I also don’t typically recommend using it in open country, whether for mule deer or for whitetails in big agriculture. Yeah, I know, with today’s dial-up scopes, trajectory is just a number. Still, when a big buck appears at a reasonable range, there isn’t always time to use the rangefinder or to fiddle with the scope turret. In open country, I want a cartridge that will shoot flat enough that I can quickly get steady and shoot.

That eliminates most of my favorite whitetail cartridges. I still don’t think full-up magnum power is essential, and I’m not certain .30 calibers are needed. For sure, the fastest 7mms and .30s work like gangbusters, but they get into recoil issues for many. The extra-heavy, low-drag bullets, though nice at extreme range, aren’t necessary for deer (and they kick more). I’m loving the 7 PRC and have taken a few nice bucks with it. But unless the country is really open, and it’s loaded with the heavy bullets it was designed for, I think of it as better for elk than deer.

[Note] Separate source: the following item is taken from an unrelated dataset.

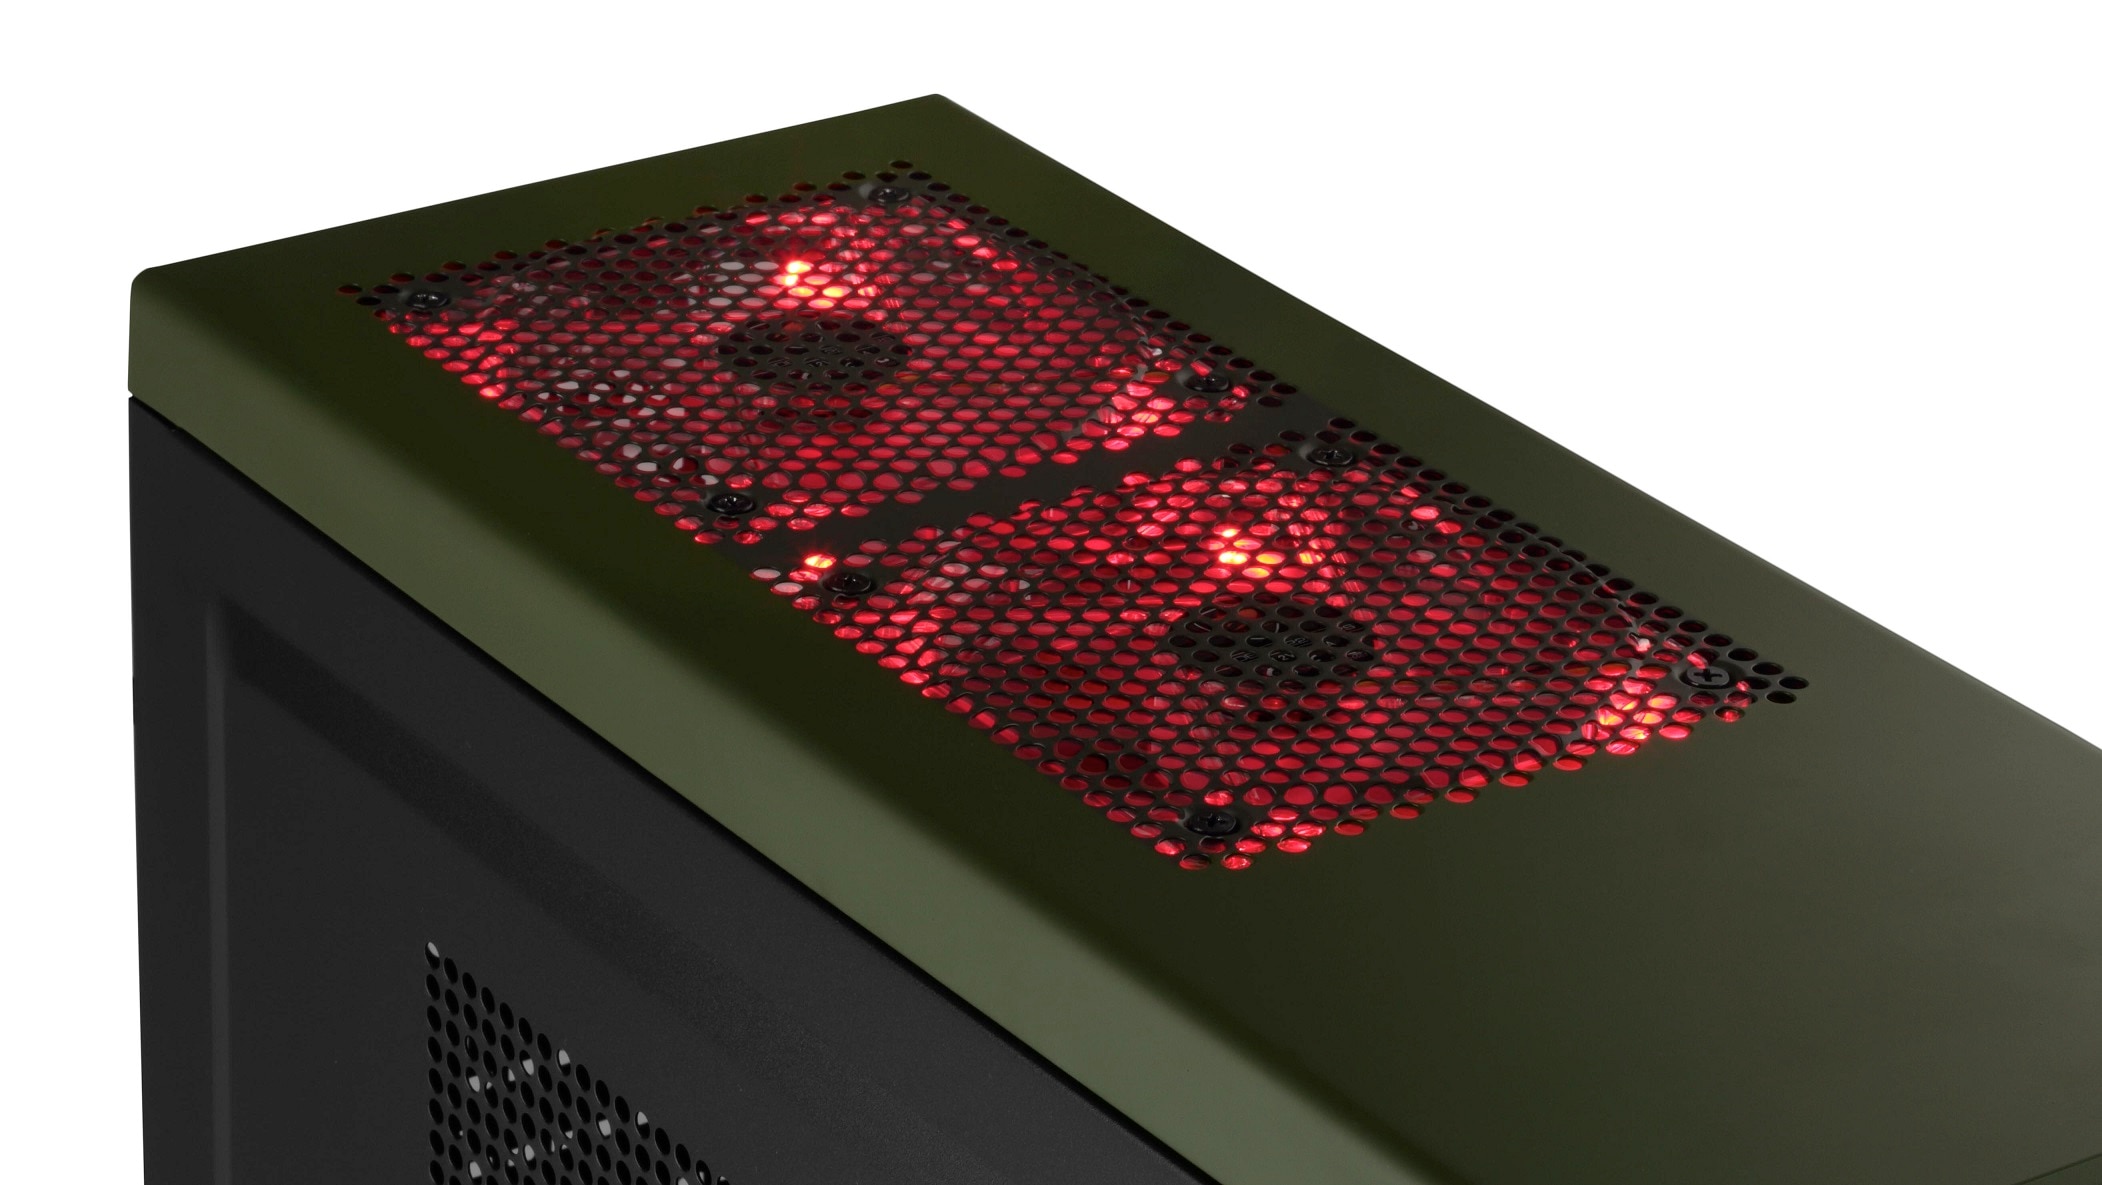 Hyrican Gaming-PC-Komplettsystem »Military SET02153«, inklusive 27" Monitor MSI Optix G271
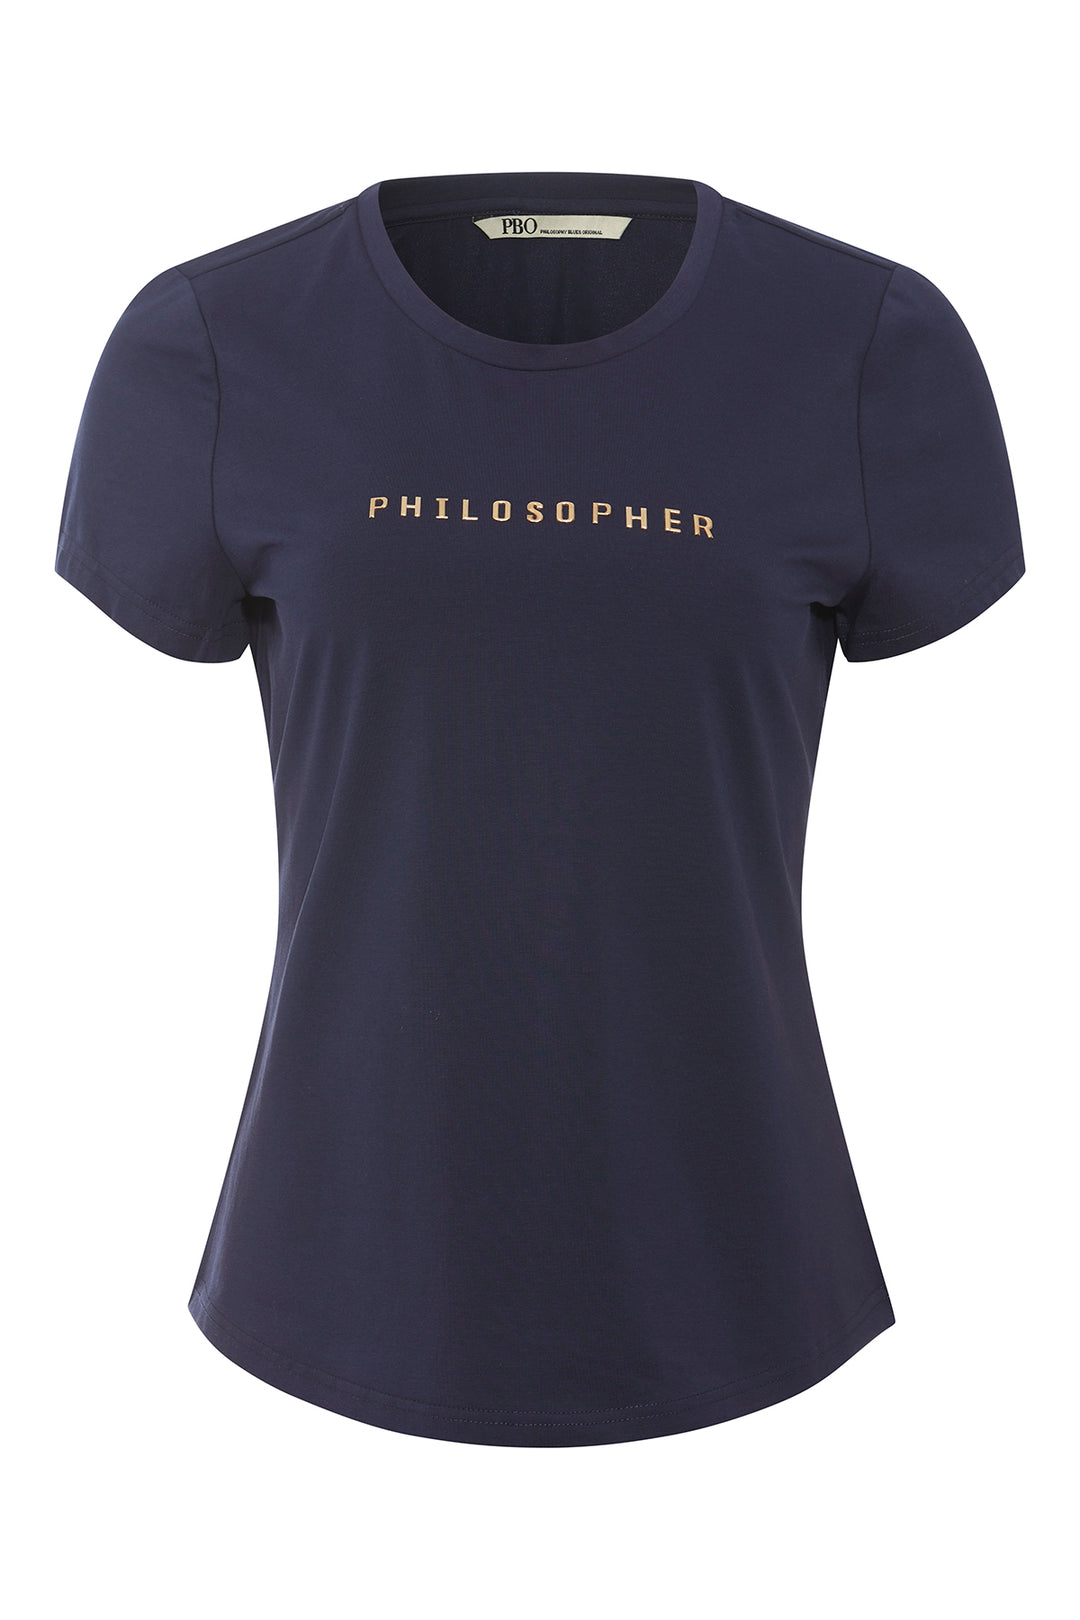 PBO Philosopher T-shirt T-SHIRTS 30 Navy

Which brings us full circle to the .270 Win. and to the .264 Win. Mag. of my youth. No, I’m not trying to resurrect the near-obsolete .264, although I still have one and still love it. Instead, for open-country deer, think about modern, fast 6.5mms: 6.5-284 Norma, 6.5 PRC, 6.5 RPM. All in modern case designs, they possess the same ballistics as the old .264. With bullets in the 140-grain class, they are about 300 feet per second (fps) faster than the 6.5 Creedmoor, delivering more energy farther downrange. Because of modest bullet weight and small diameter, I don’t think of any of them as ideal for elk. They are, however, awesome for any deer that walks—at any reasonable range.